Candidate: Moataz Bellah Mohamed Abdel FattahDegree of: Doctor of Philosophy
Department: Political Science
Title: ISLAM AND DEMOCRACY: AN EMPIRICAL EXAMINATION OF MUSLIMS' POLITICAL CULTURE
Friday, March 12, 2004, 2:30 pm - 5:00 pm
Committee:Dr. Jim Butterfield, Chair
This research question calls for empirical/behavioral methodological tools that bring into focus contemporary Muslims' attitudes rather than ancient jurists' contributions. In other words, the dissertation shifts attention from ancient Islamic texts to contemporary Muslims' mindsets through written and web-bases surveys in 32 Muslim societies.
At the aggregate level, Muslim societies perplex with two types of sub-cultures: the culture of "dictator, but." and the culture of "democracy-as-a-must." The former is the sub-couture of two groups of Muslims: 1) Traditionalist Islamists who argue that a just autocratic ruler who abides by sharia/Islamic legislation and defends its tenets is the most legitimate ruler ever. 2) Autocratic secularists who argue in favor of a Hobbesenian ruler who maintains the state's sovereignty and defends it against its foreign enemies. In both cases, Muslims behave as rational actors who find that the advantages of having an autocratic ruler outweigh having a democratically elected one.
The "democracy-as-a-must" sub-culture is the one that is adopted by modernist Islamists and liberal secularists. Modernist Islamists find democracy consummating Islamic teachings that fight dictatorship and ensure pluralism in society. Liberal secularists find democracy as the core component of modernity that should be adopted on secular grounds.
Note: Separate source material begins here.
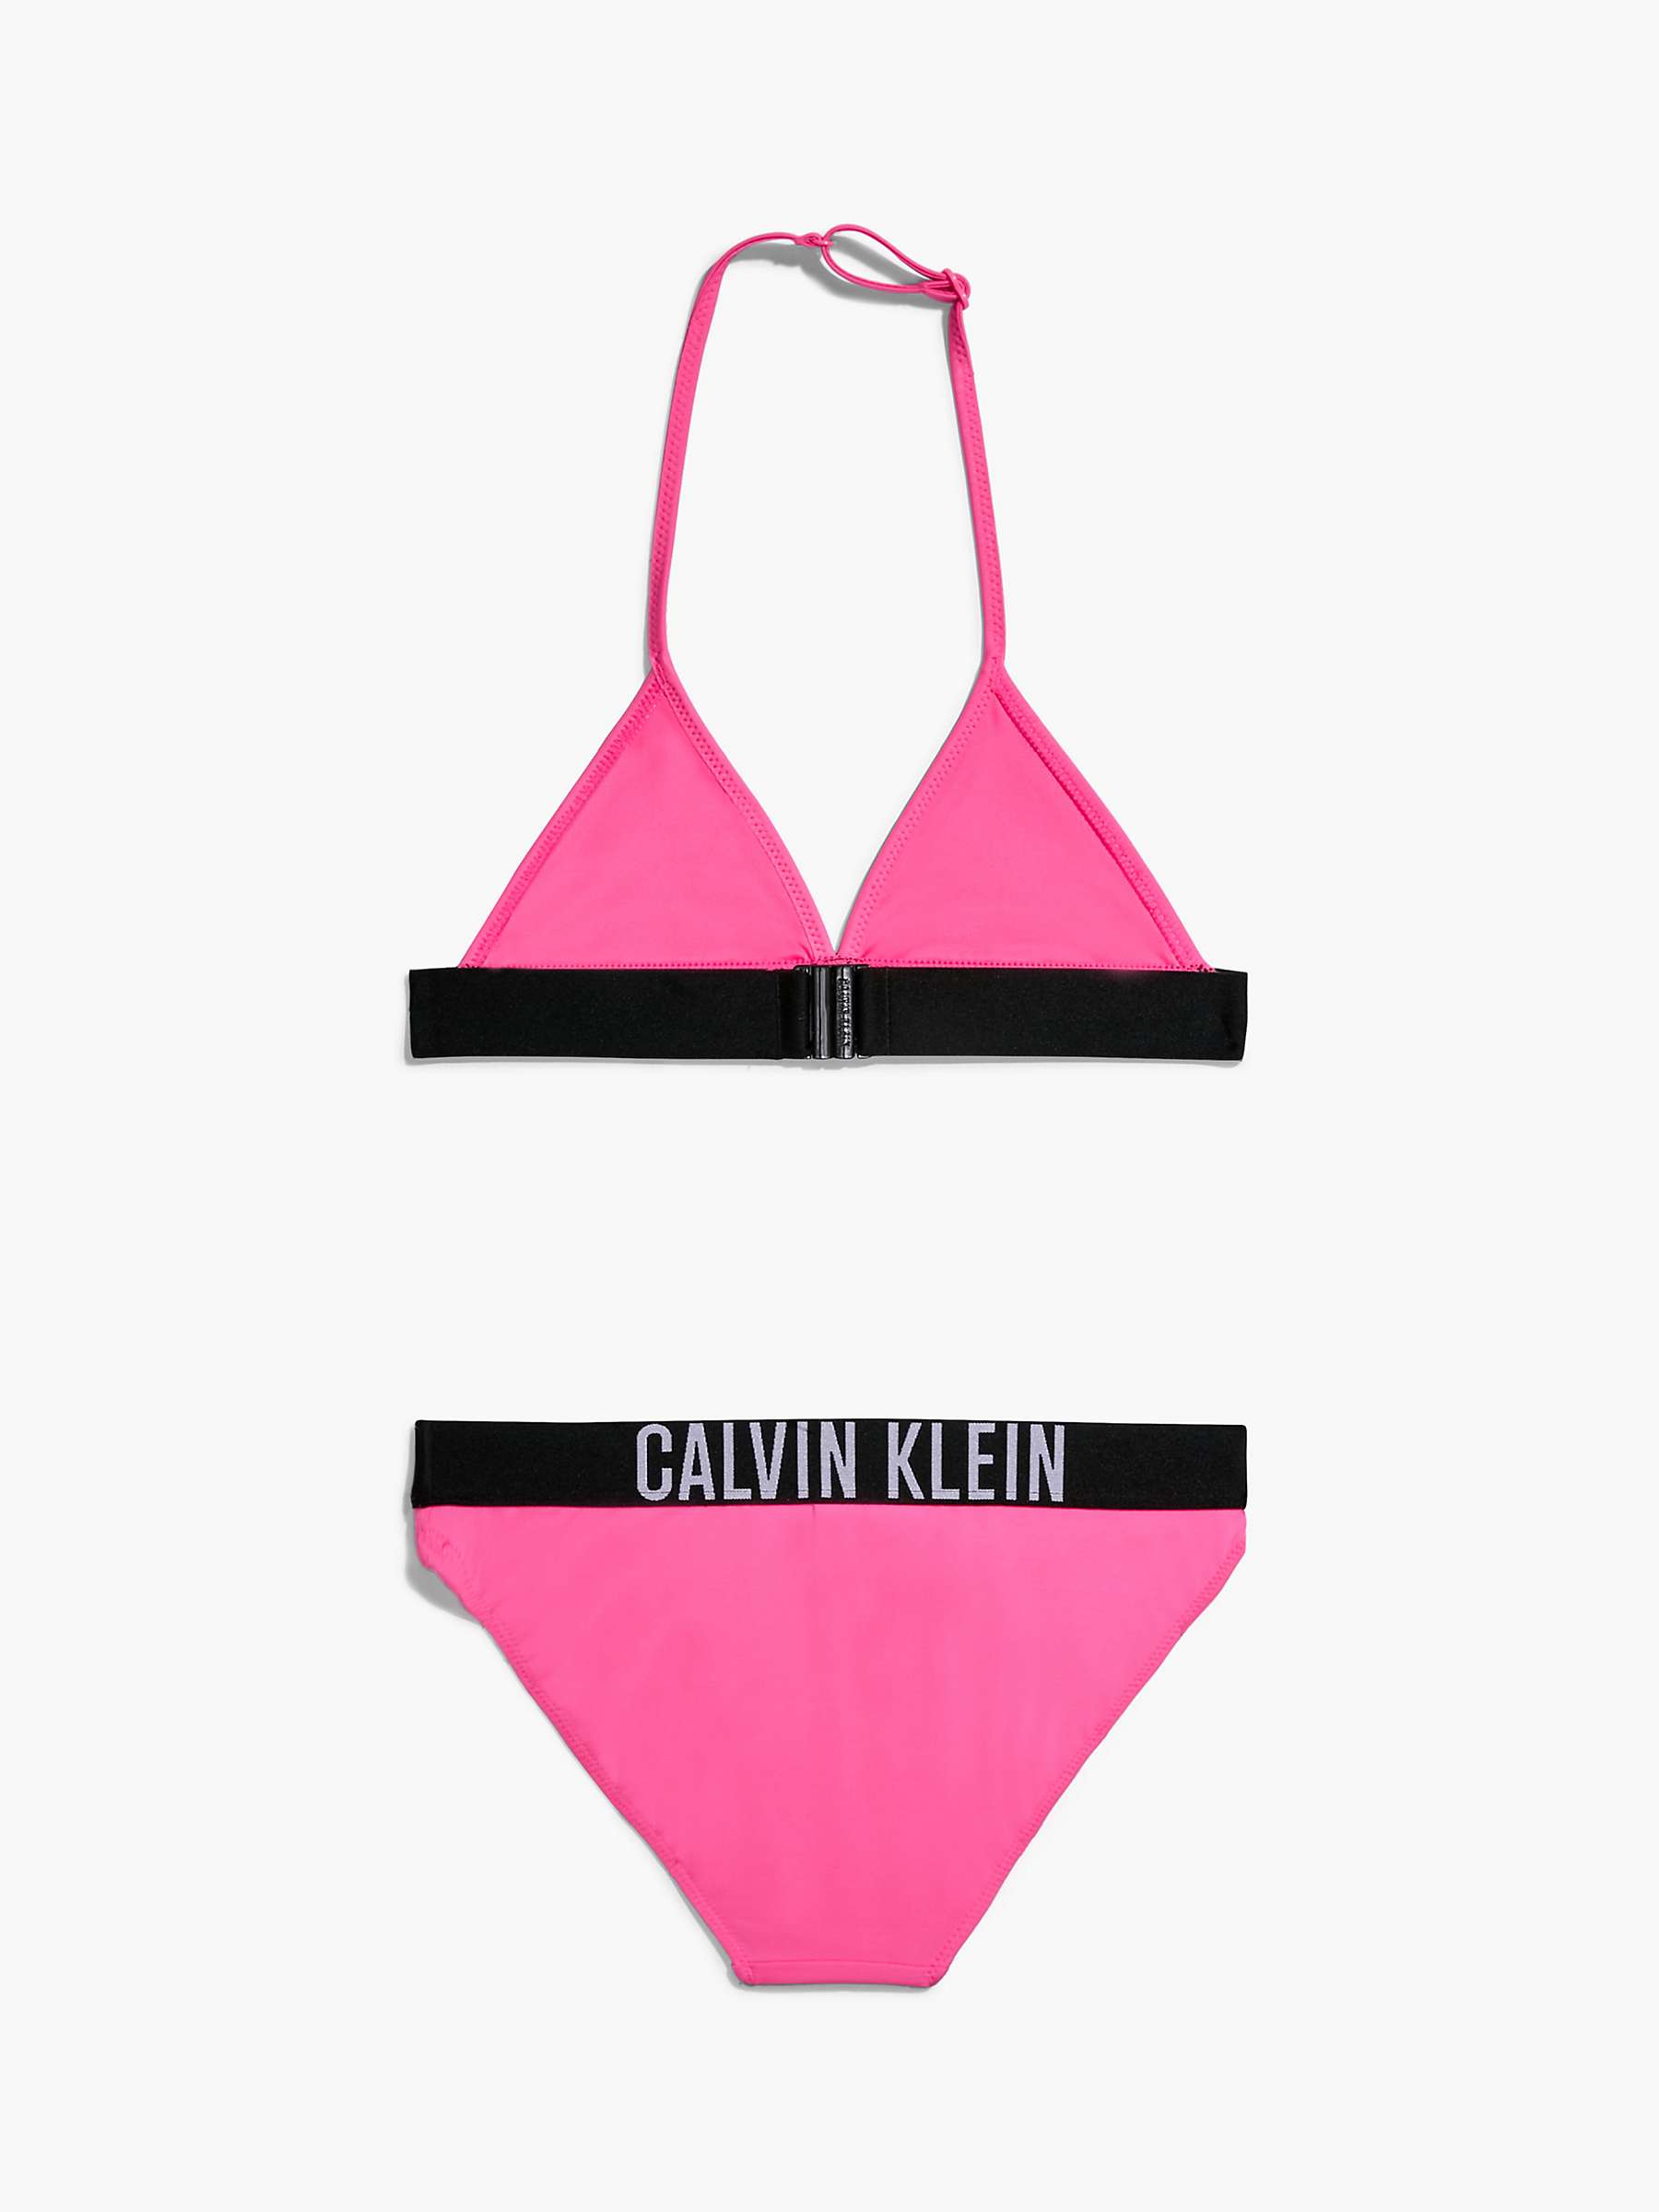 Calvin Klein Kids' Triangle Bikini Set, Pink at John Lewis & Partners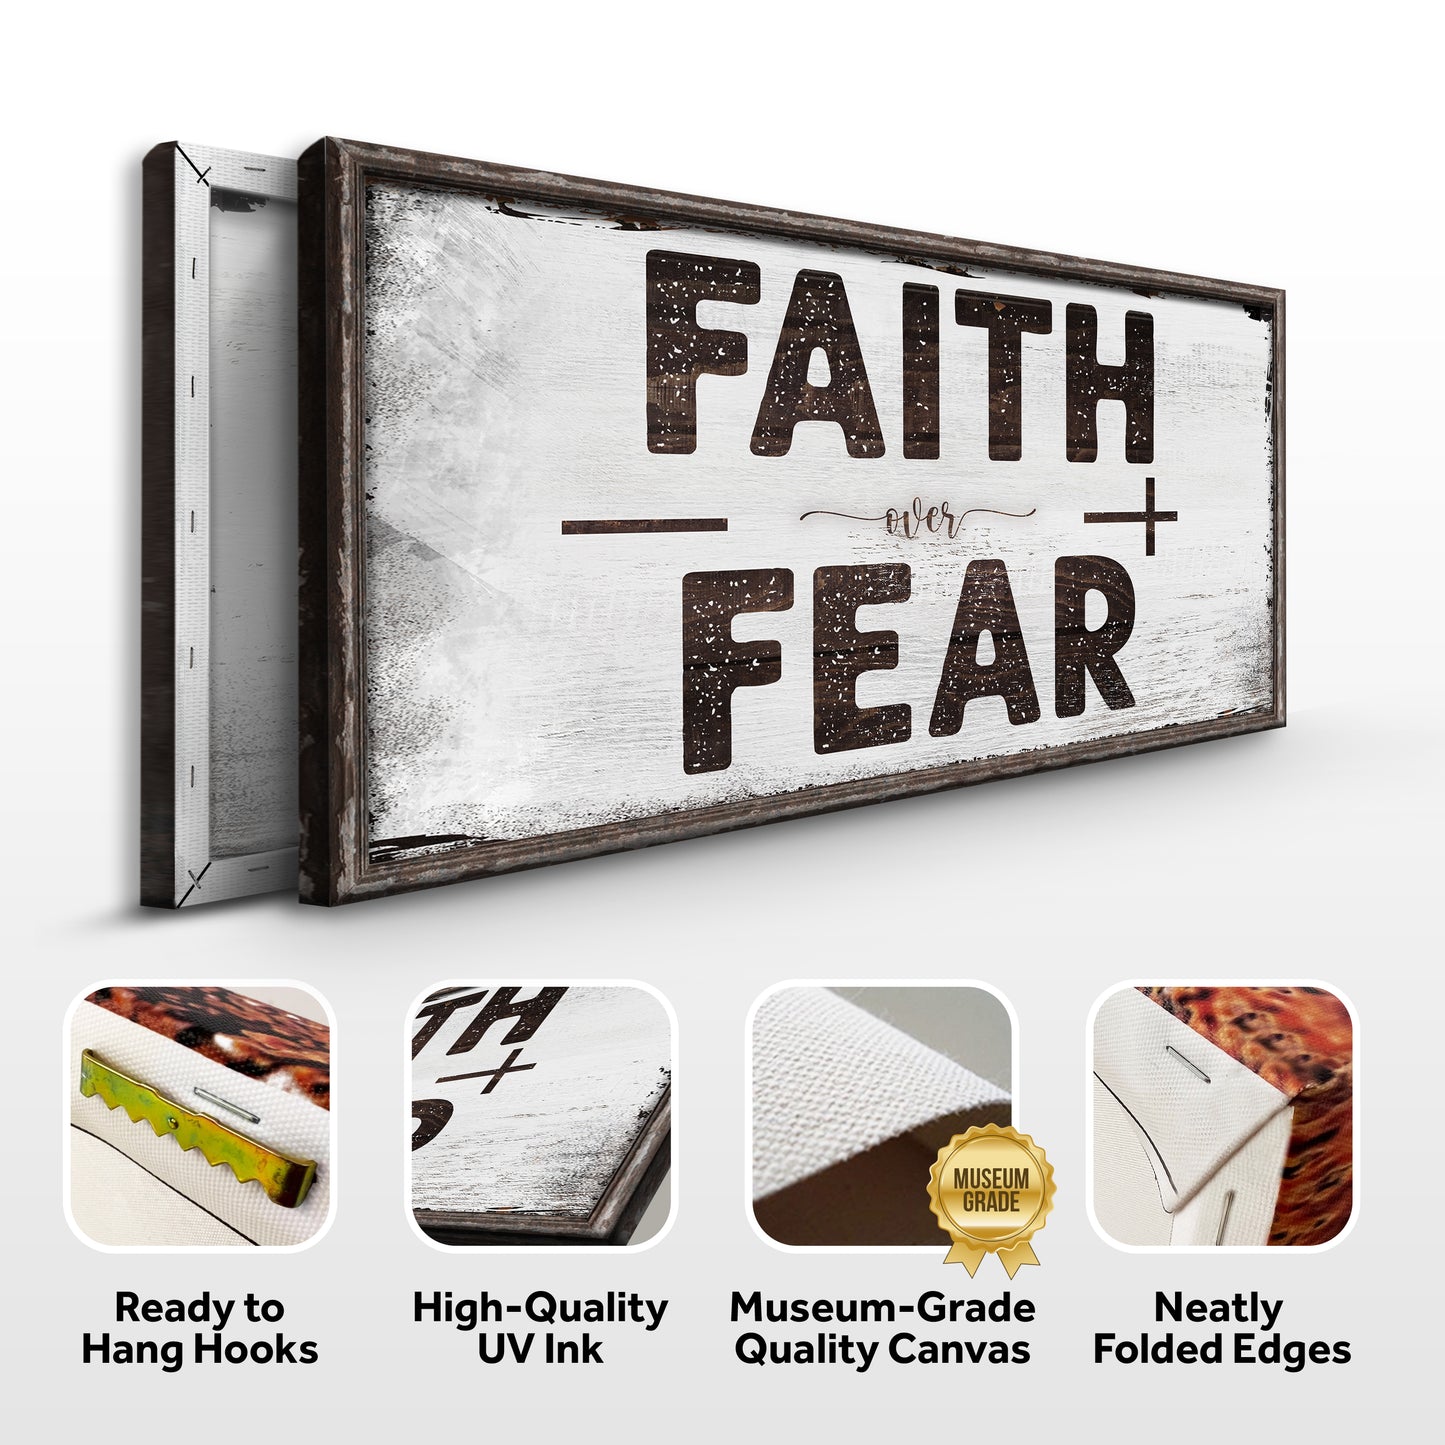 Faith Over Fear Sign

At the individual level, the dissertation finds that Muslims are too heterogeneous to be studied in a lump-sum way of thinking. Not all secular Muslims are liberal and not all Islamists are anti-democracy. Some Muslim countries' political cultures are compatible with democracy while others are clear obstacles to democratization. Seemingly unrelated regression models suggest that socio-economic, demographic and cultural factors have different types of impact on Muslims' attitudes toward democratic hardware and software across societies.